Thoughts naturally move into and out of our minds. The thoughts themselves don’t necessarily cause harm. However, holding onto thoughts and getting attached to them disrupts the wellbeing of our mind-body-soul – causing negativity and violence in both our internal and external world. Start to practice simply observing your thoughts with kindness, acceptance, and love instead of reacting to them. Remind yourself that we are all doing the best we can with what we know. Yes, we must set healthy boundaries – but never should we judge ourselves or others when we fall short.
When you allow yourself to acknowledge and observe with loving kindness, you’ll find that your thoughts slip from your awareness just as easily as they come in.
Yes, a vegetarian diet does come highly recommended in the yogic community, as the guidance of Ahimsa advises not harming another or causing suffering to other living beings, and therefore suggests that we not eat animals.
Besides eating a fresh, pure vegetarian or vegan diet, it’s also recommended to avoid alcohol, coffee, drugs, smoking, using microwave ovens, overeating, eating in a hurry, eating while you’re in a bad mood or arguing while eating, as much as possible. These are all things that are considered to disturb the mind.

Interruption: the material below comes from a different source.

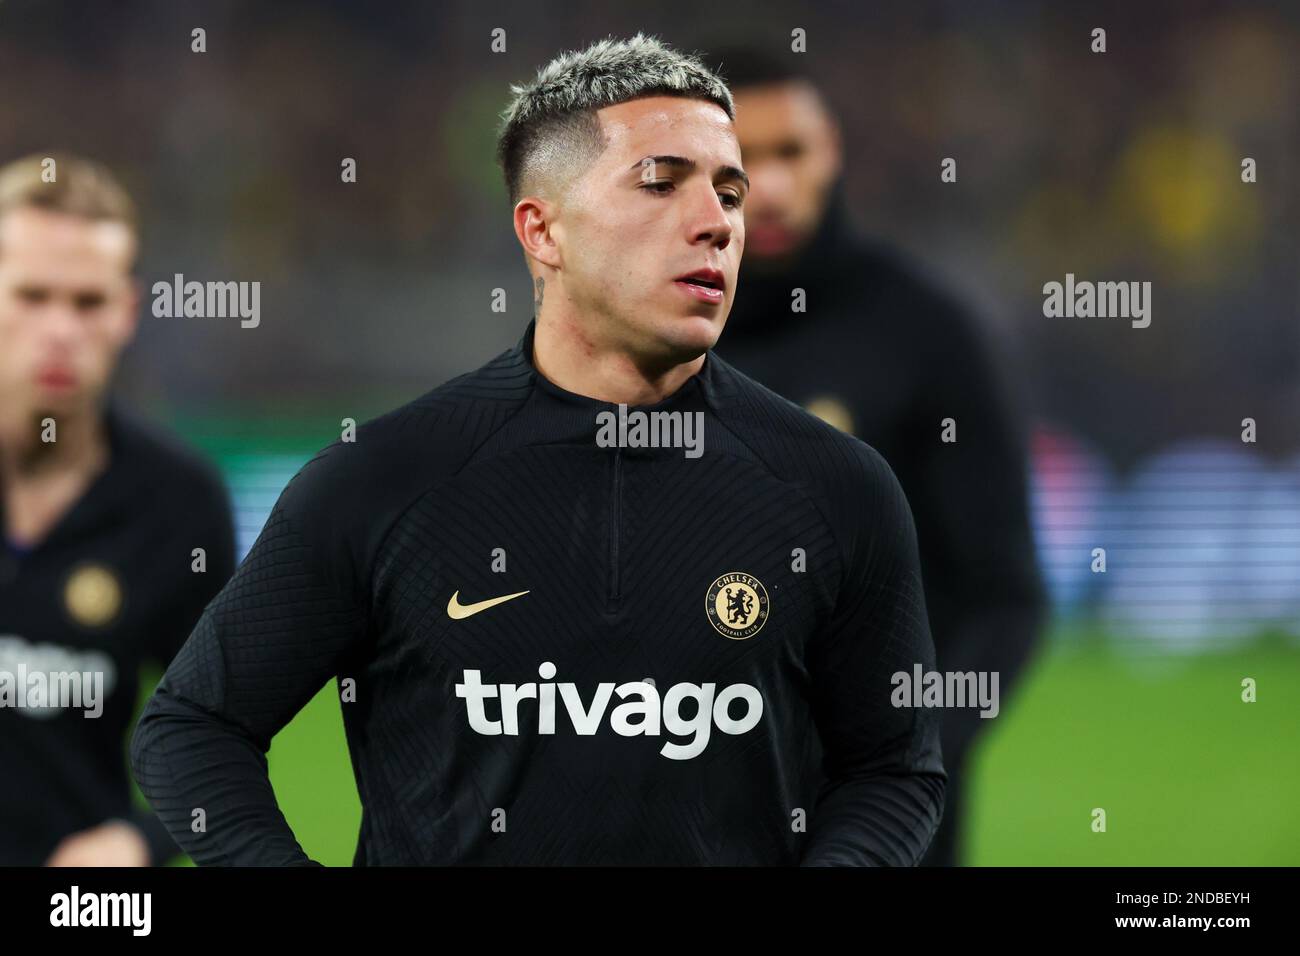 DORTMUND, GERMANY - FEBRUARY 15: Enzo Fernandez of Chelsea during the UEFA Champions Round of 16, 1st leg match between Borussia Dortmund and Chelsea at Signal Iduna Park on February 15, 2023 in Dortmund, Germany (Photo by Marcel ter Bals/Orange Pictures) Stock Photo

But don’t stress or feel guilty if you eat or drink something ‘un-yogic’ and not in alignment with the practice of Ahimsa.
There must be balance, therefore you must do the best you can without causing harm or stress to your own mind or body. Even one day a week of eating plant-based meals is awesome!
Take some time to consider what feels right and works best for you. Can you change things a little so you’re supporting environmentally friendly companies? Eat organically? Maybe eat vegan or vegetarian at least a couple of times a week? Buy fair trade? Eat seasonal and local? Choose meat from a small-scale farmer who raises and kills their own animals on-site and more ethically?
Whether you choose to eat meat and animal products or not, doing what is right for your unique body whilst helping to support the environment and wellbeing of animals at the same time is something we can all be a part of. Learn where your food comes from and make your own choice on what you feel is kind or violent based on your own set of values, morals, and code of ethics.
And remember the most important guideline: your food should be satisfying. You should eat things you enjoy, after all our purpose in life is to love life and let life love us in return.
Next time you’re about to prepare or eat a meal, consider a few things:
- Be mindful about WHAT you’re about to eat. Is it fresh? Is it supporting your health and happiness? Is it supporting the health and happiness of other humans, animals, and the earth as well?
- While cooking your meal, do so with love and joy. Maybe sing, play music, light a candle or sip on a glass of wine while cooking. Wear your favourite apron. Smell the fresh ingredients.
- Cook with complete mindfulness, being aware of every step in the process and savouring the entire experience. Smell the food as your chopping. Notice the colours and textures of the ingredients. Feel the energy of the artisan who made the pottery bowl, wooden chopping board or wooden spoon you are using.
- When your meal is ready, offer a prayer or take a moment to be grateful for your meal. Think of all the things that had to happen for you to eat that meal – from the nurturing of the crop, the harvesting of the crop to the store person who filled the shelf and sold you the ingredients.
- Eat your meal with love and attention, enjoying every bite and every flavour. Take your time to finish your meal, don’t rush, don’t stress.
- If you can, share your meal with another.
When we pay attention to the aspects of yoga that don’t involve balancing upside down or doing the splits, we begin to realise that there is a much deeper meaning to our practice, and that the path of yoga has so many amazing gifts to offer.